**Data excerpt**.
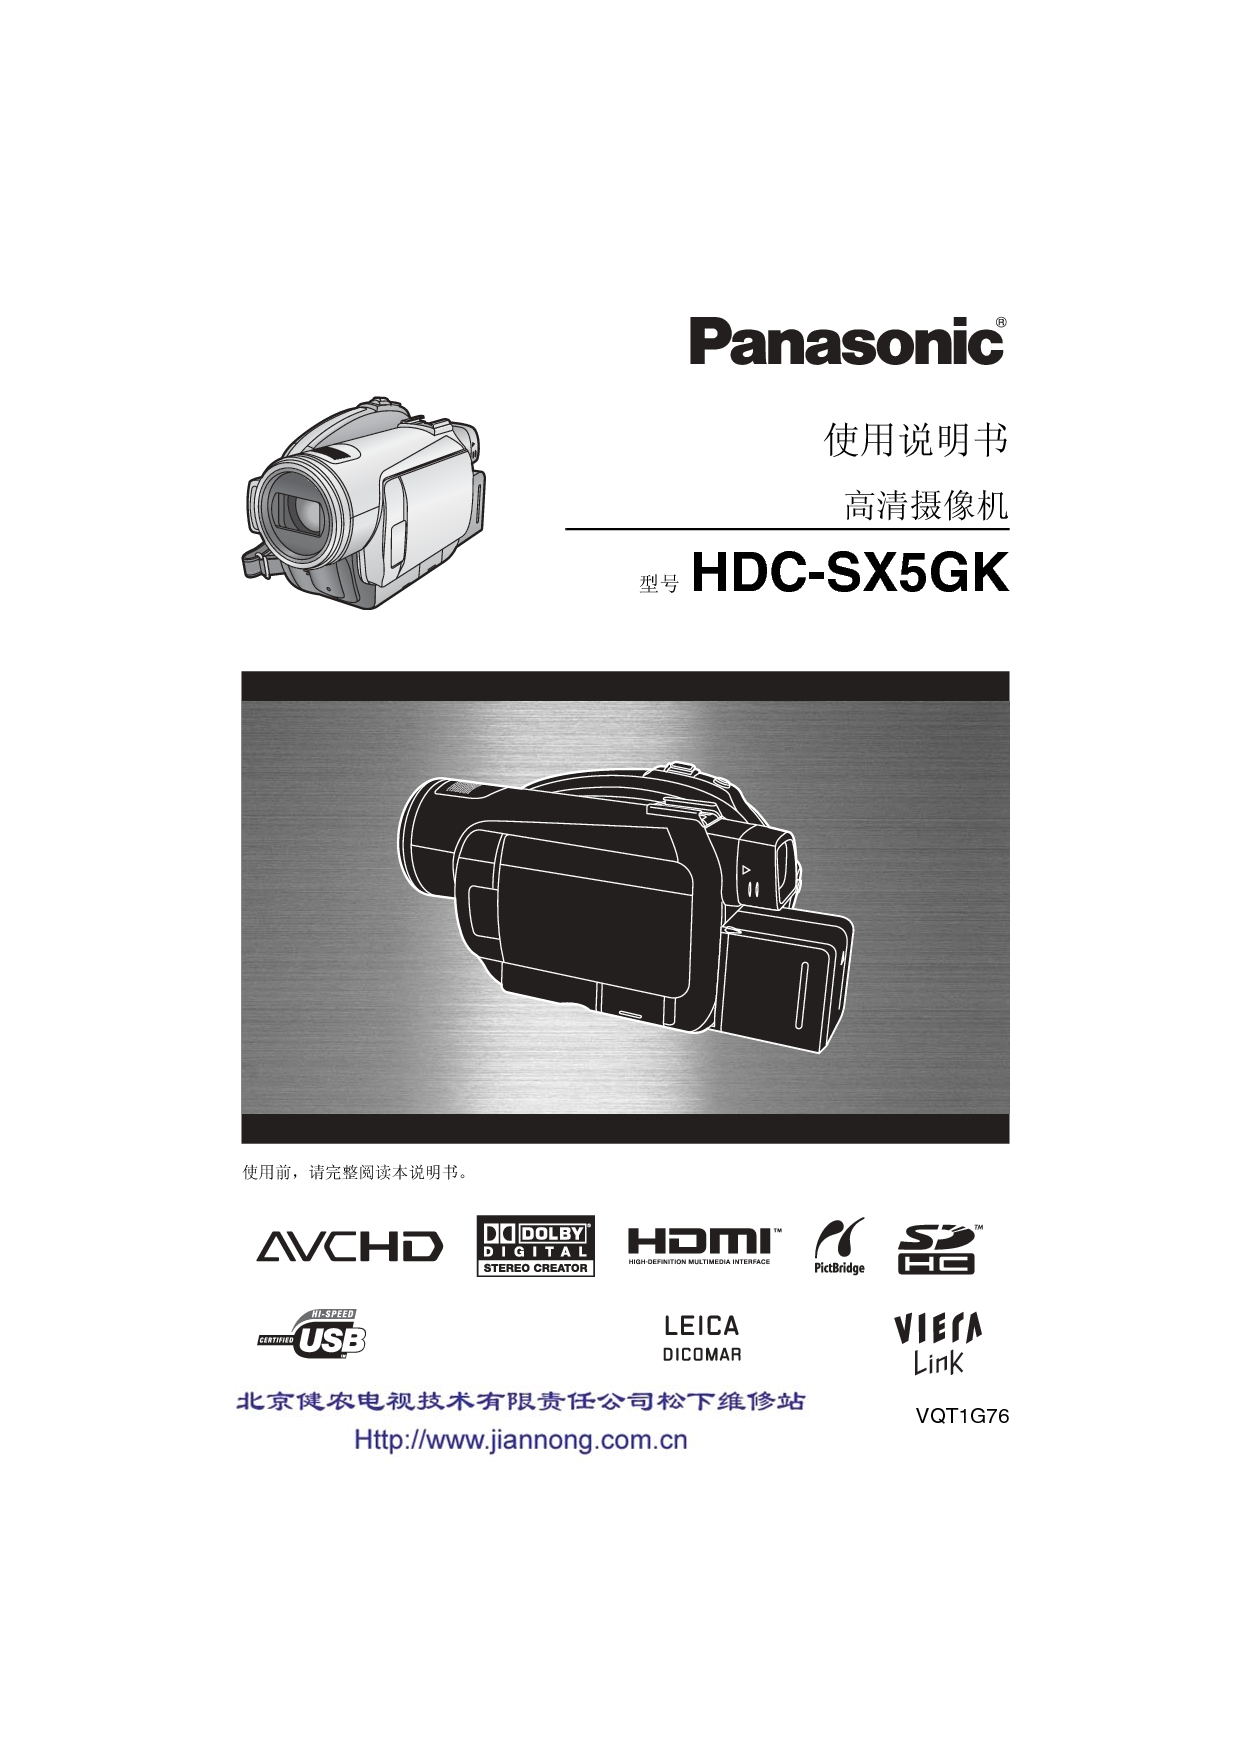 松下 Panasonic HDC-SX5GK 说明书 封面
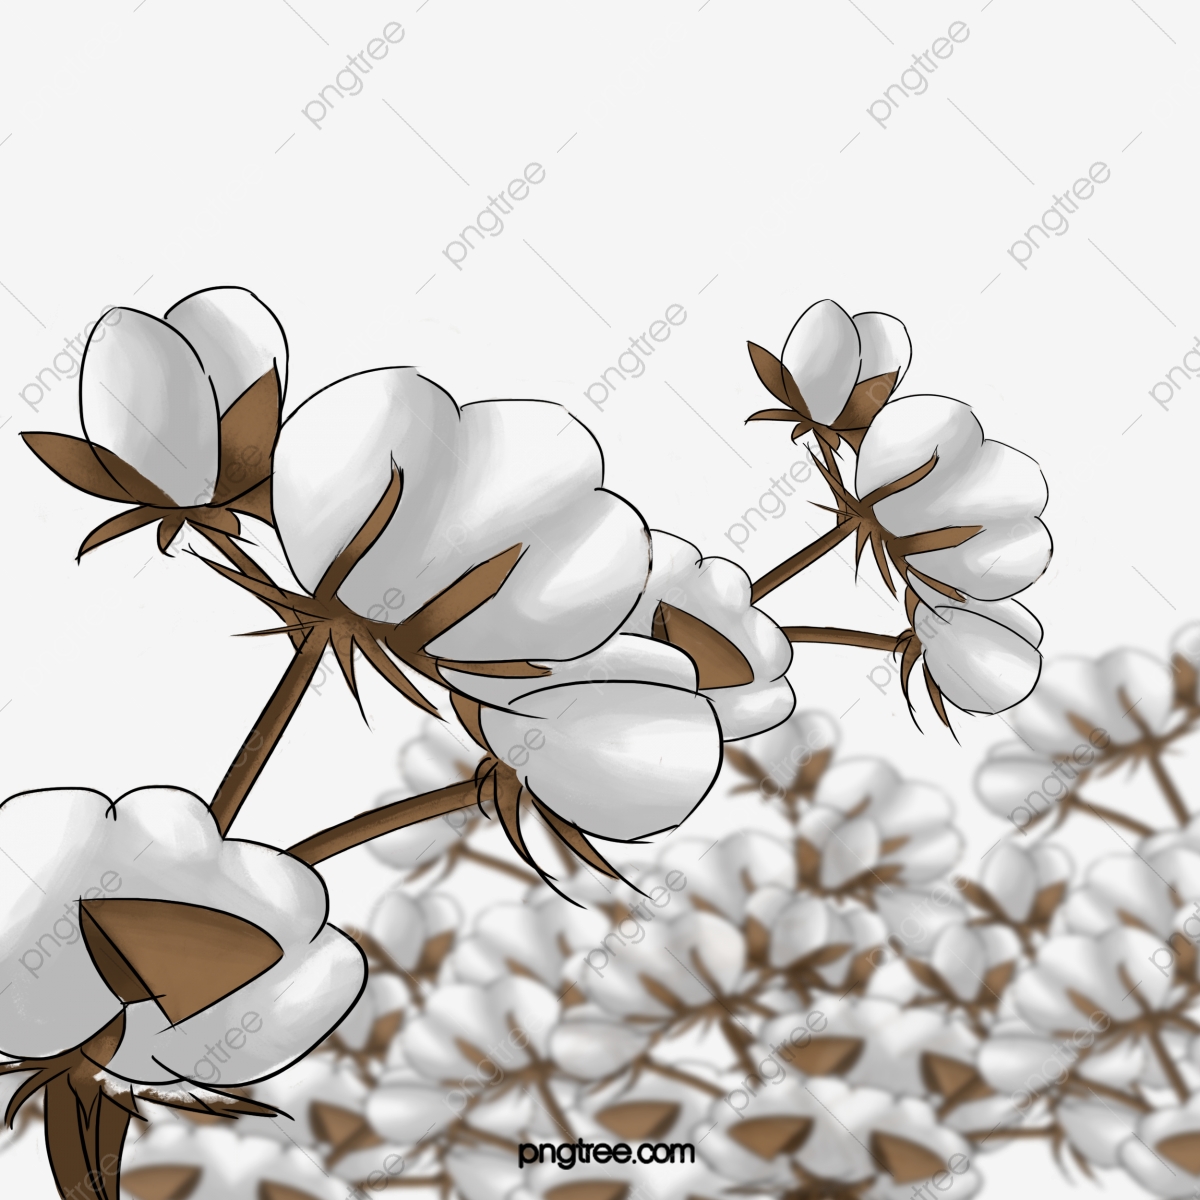 cotton clipart cotton plant
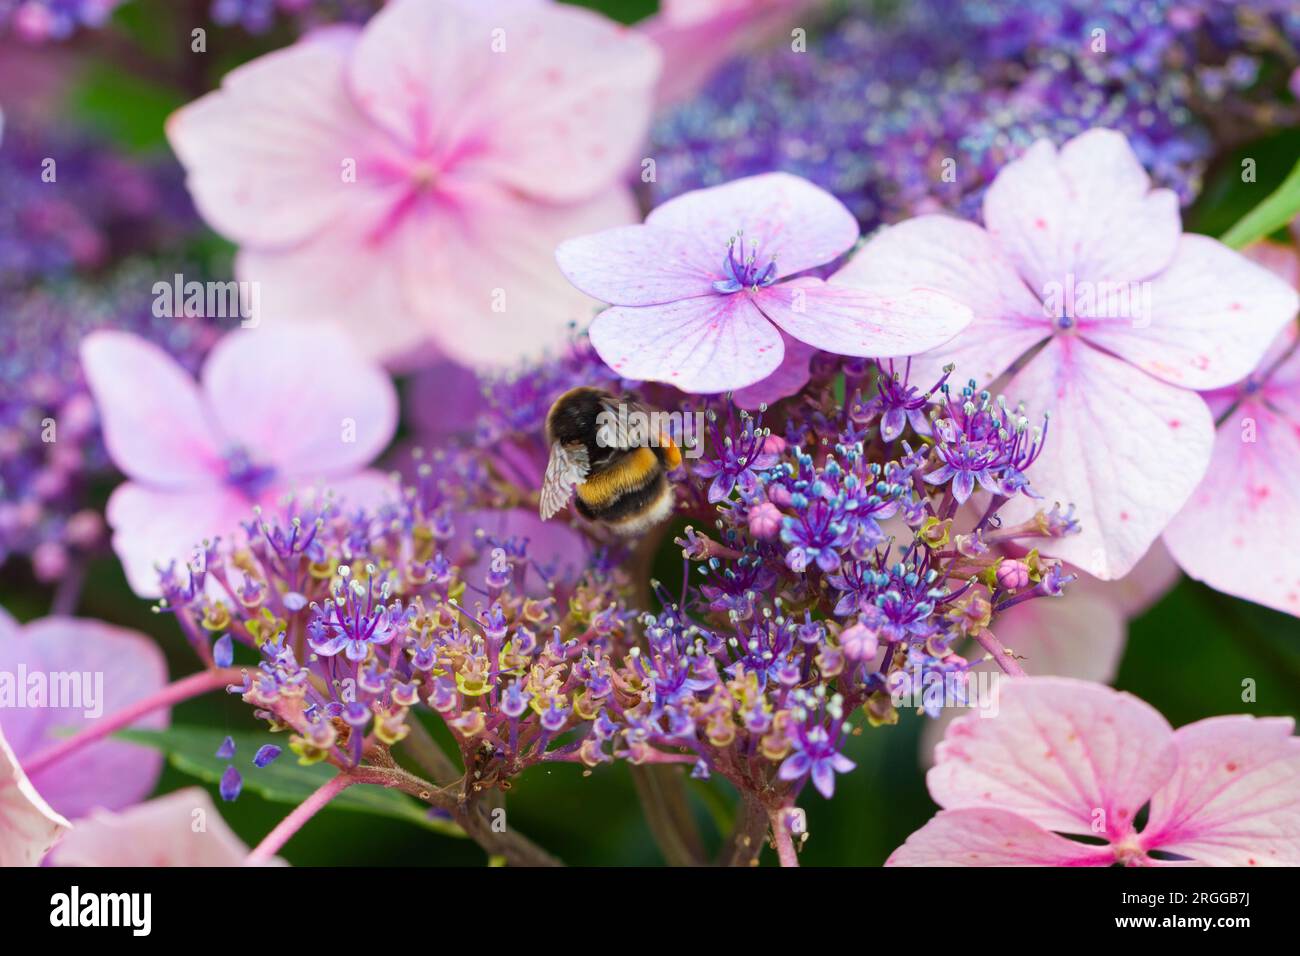 Jardinage d'été - gros plan d'un bourdon à queue blanche se nourrissant d'une variété florissante d'Hydrangea serrata 'Bluebird'. Banque D'Images
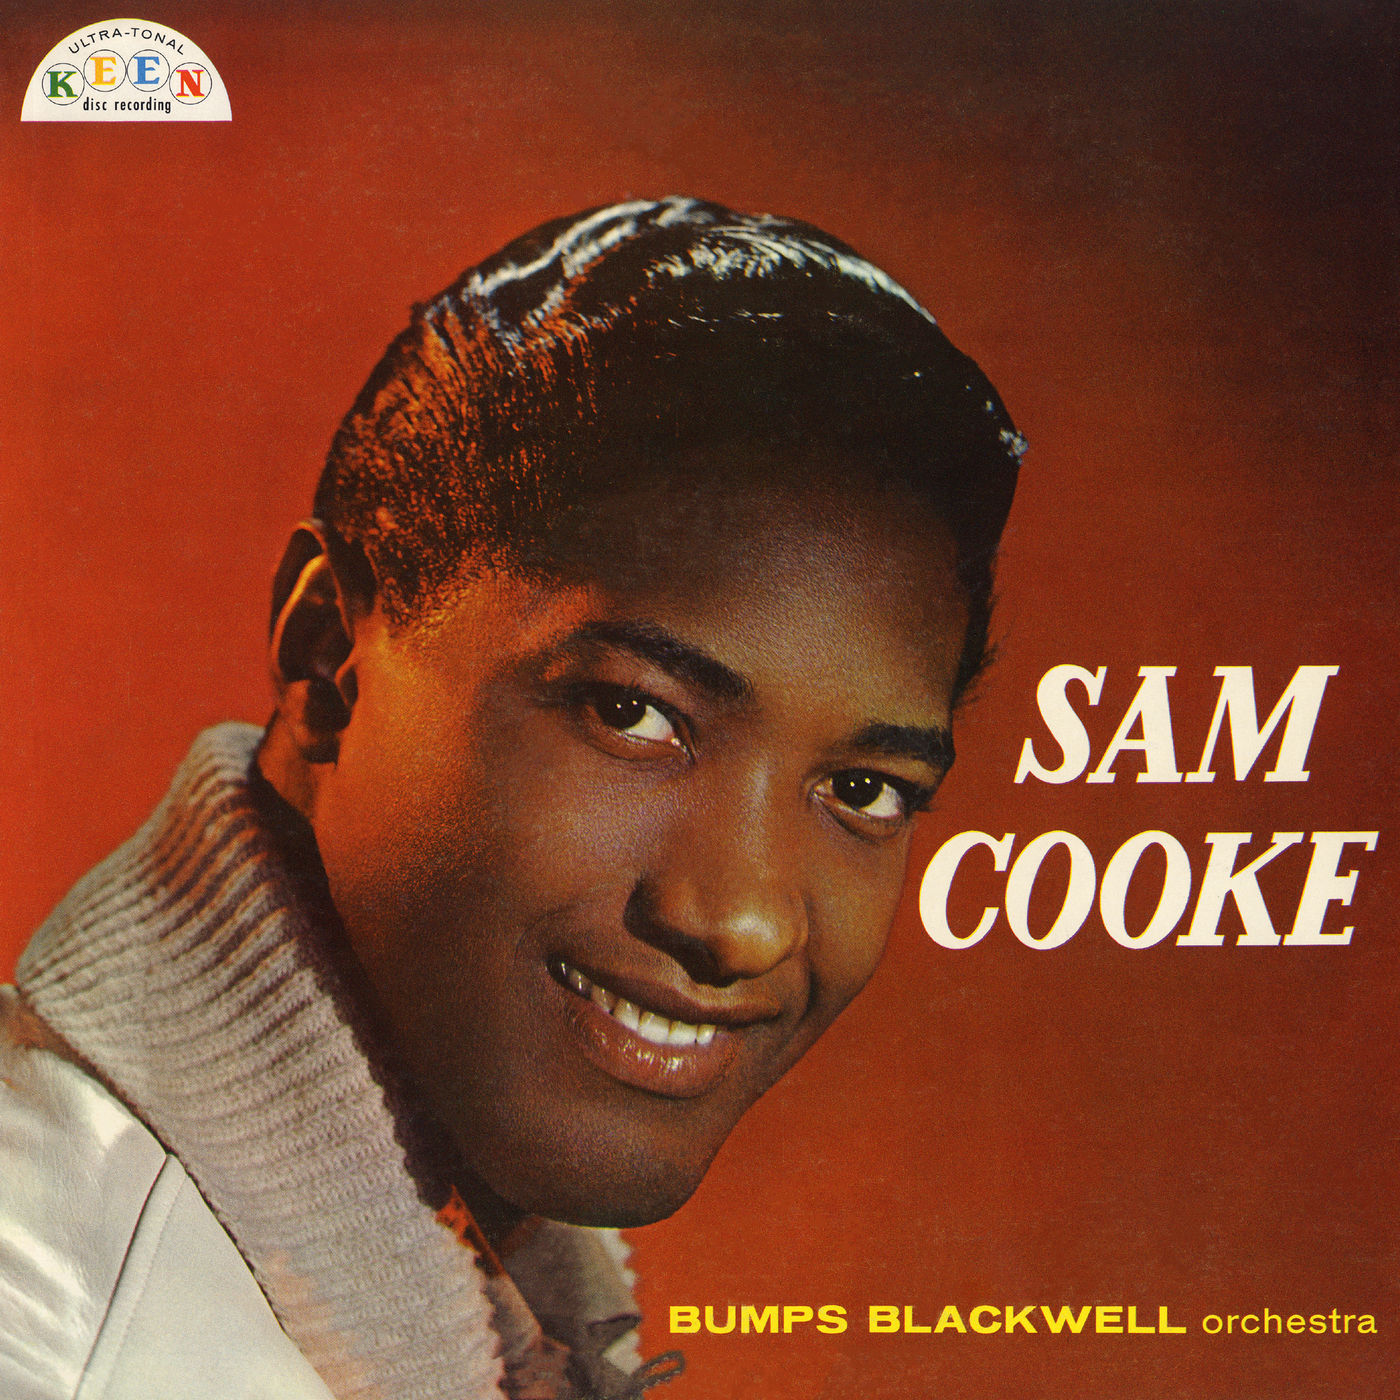 Sam Cooke – Sam Cooke (1958/2020) [Official Digital Download 24bit/96kHz]

**Work item**. Leave the pictures out, and print every line of the listing exactly as written.

**Answer**.
 松下 Panasonic HDC-SX5GK 说明书 封面
 cotton clipart cotton plant
 Jardinage d'été - gros plan d'un bourdon à queue blanche se nourrissant d'une variété florissante d'Hydrangea serrata 'Bluebird'. Banque D'Images
 Sam Cooke – Sam Cooke (1958/2020) [Official Digital Download 24bit/96kHz]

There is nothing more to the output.